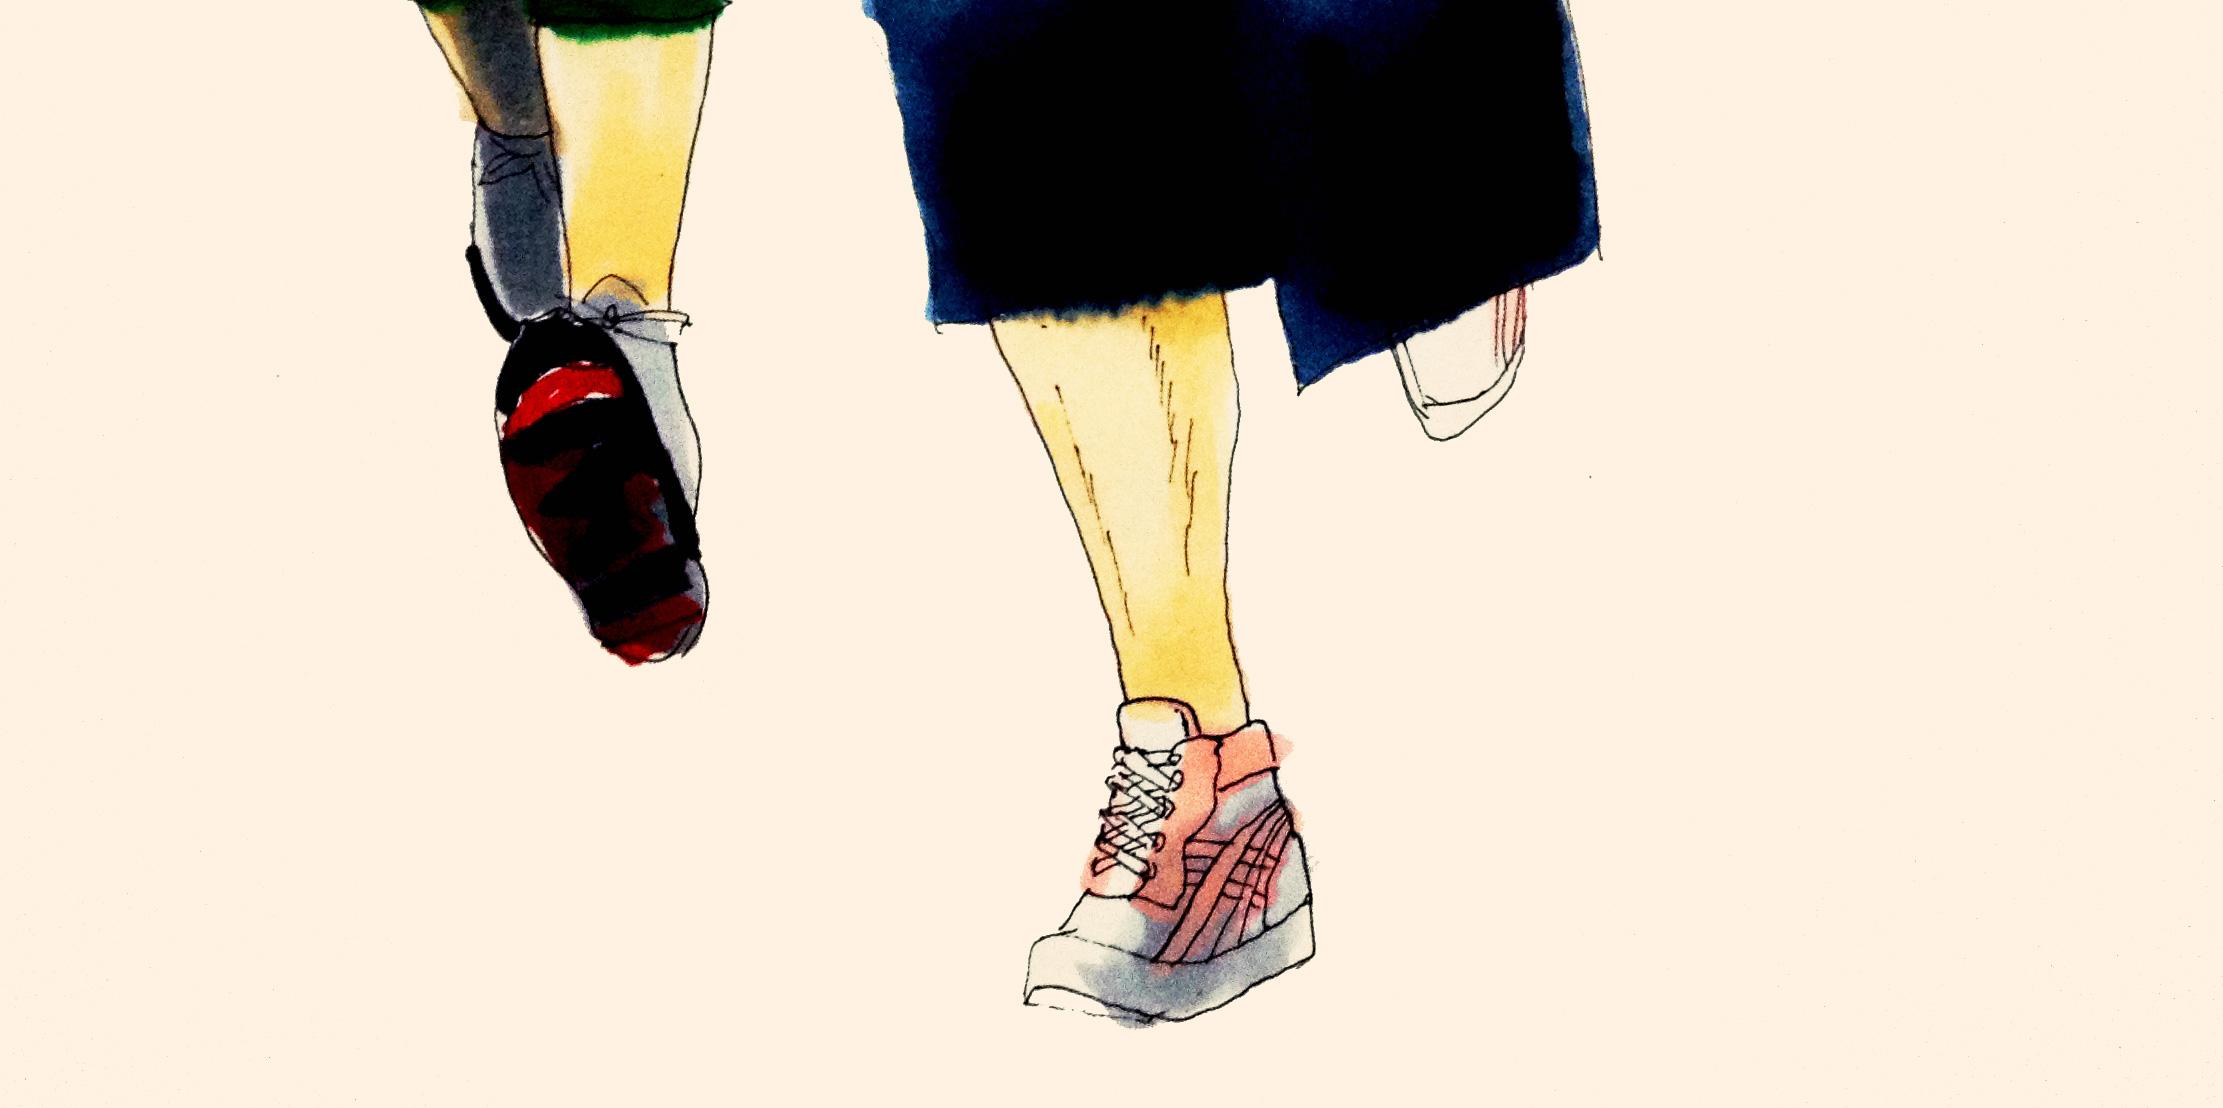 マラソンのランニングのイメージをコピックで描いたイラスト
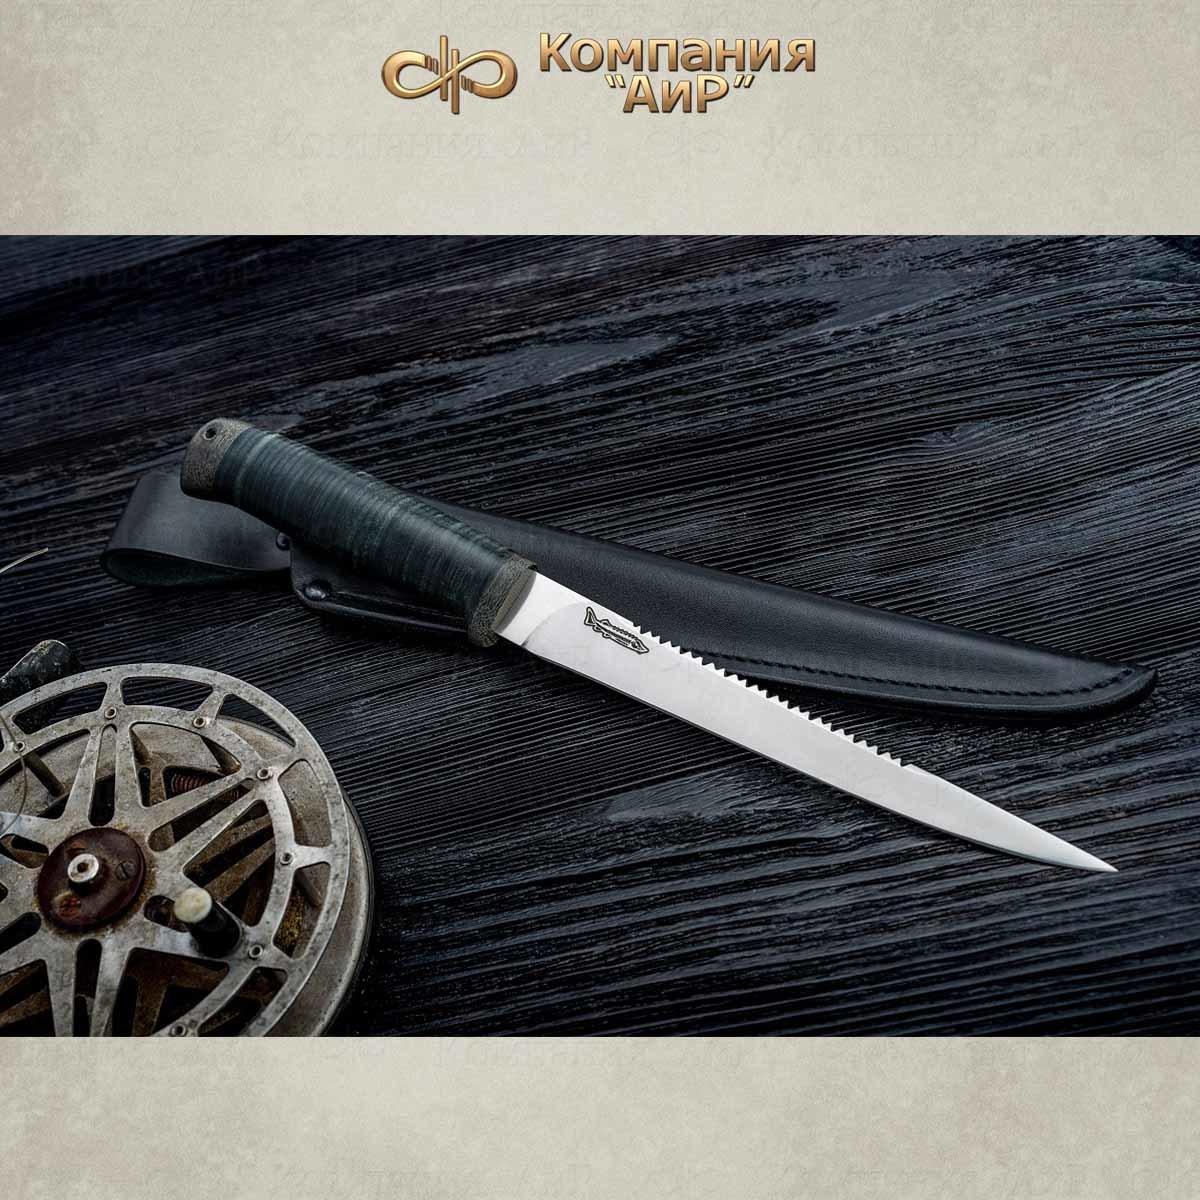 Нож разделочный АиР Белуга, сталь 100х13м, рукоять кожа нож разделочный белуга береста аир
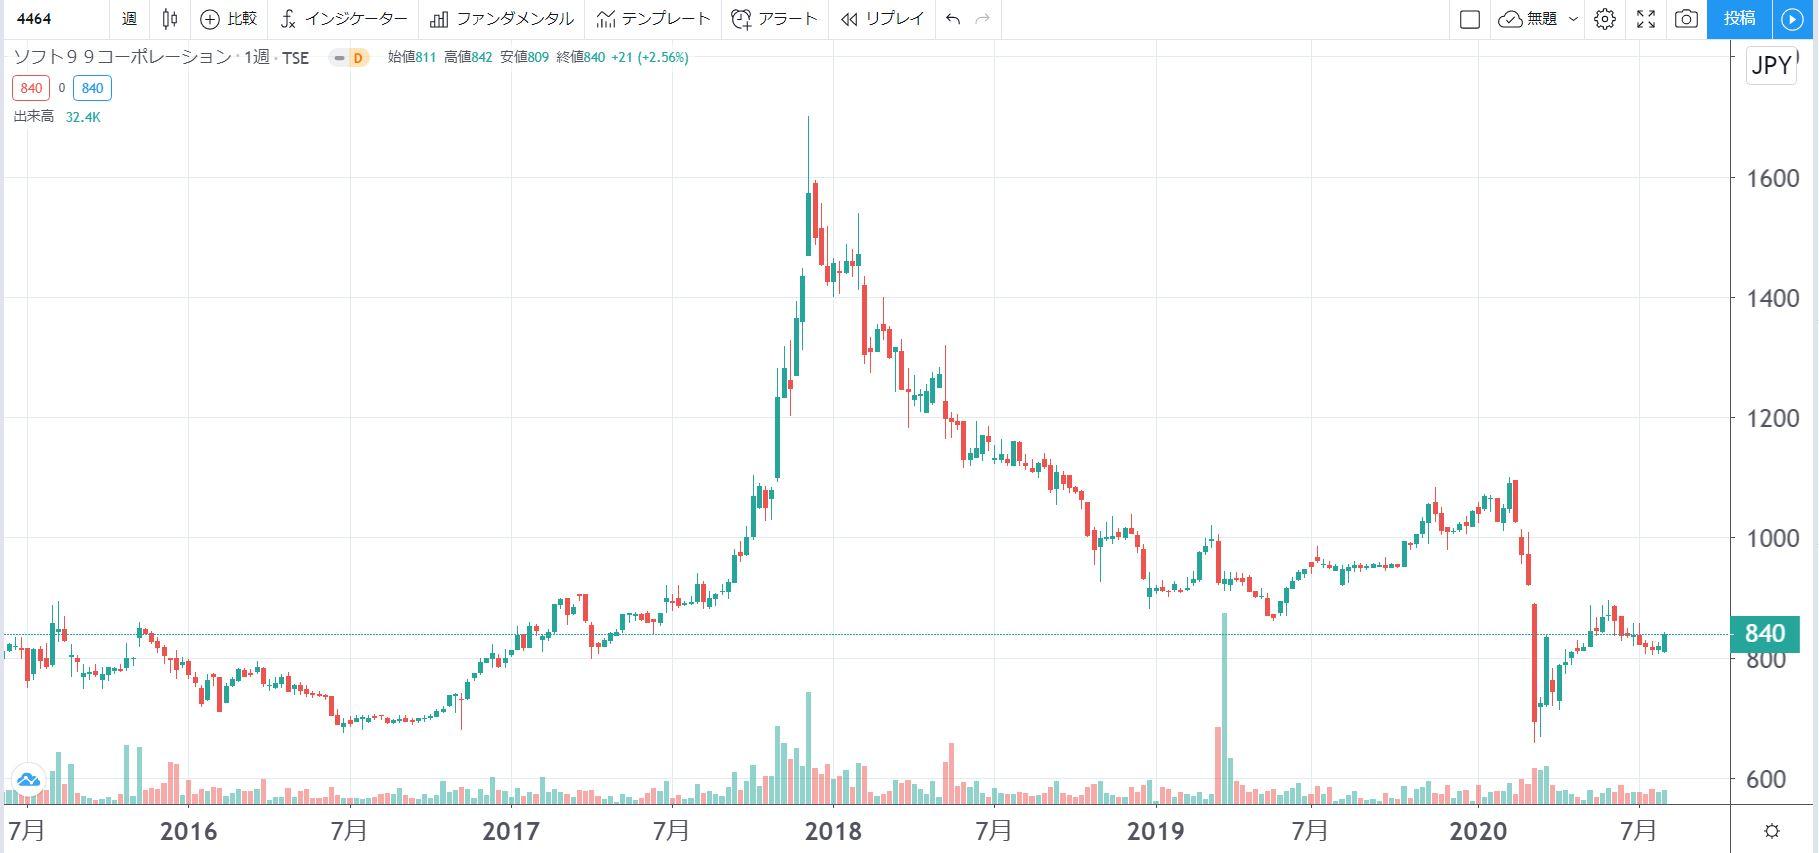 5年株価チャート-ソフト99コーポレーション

--------------------------------

Could you print the listing above exactly, without the pictures?

Reply >>
 マラソンのランニングのイメージをコピックで描いたイラスト
 Нож разделочный АиР Белуга, сталь 100х13м, рукоять кожа нож разделочный белуга береста аир
 5年株価チャート-ソフト99コーポレーション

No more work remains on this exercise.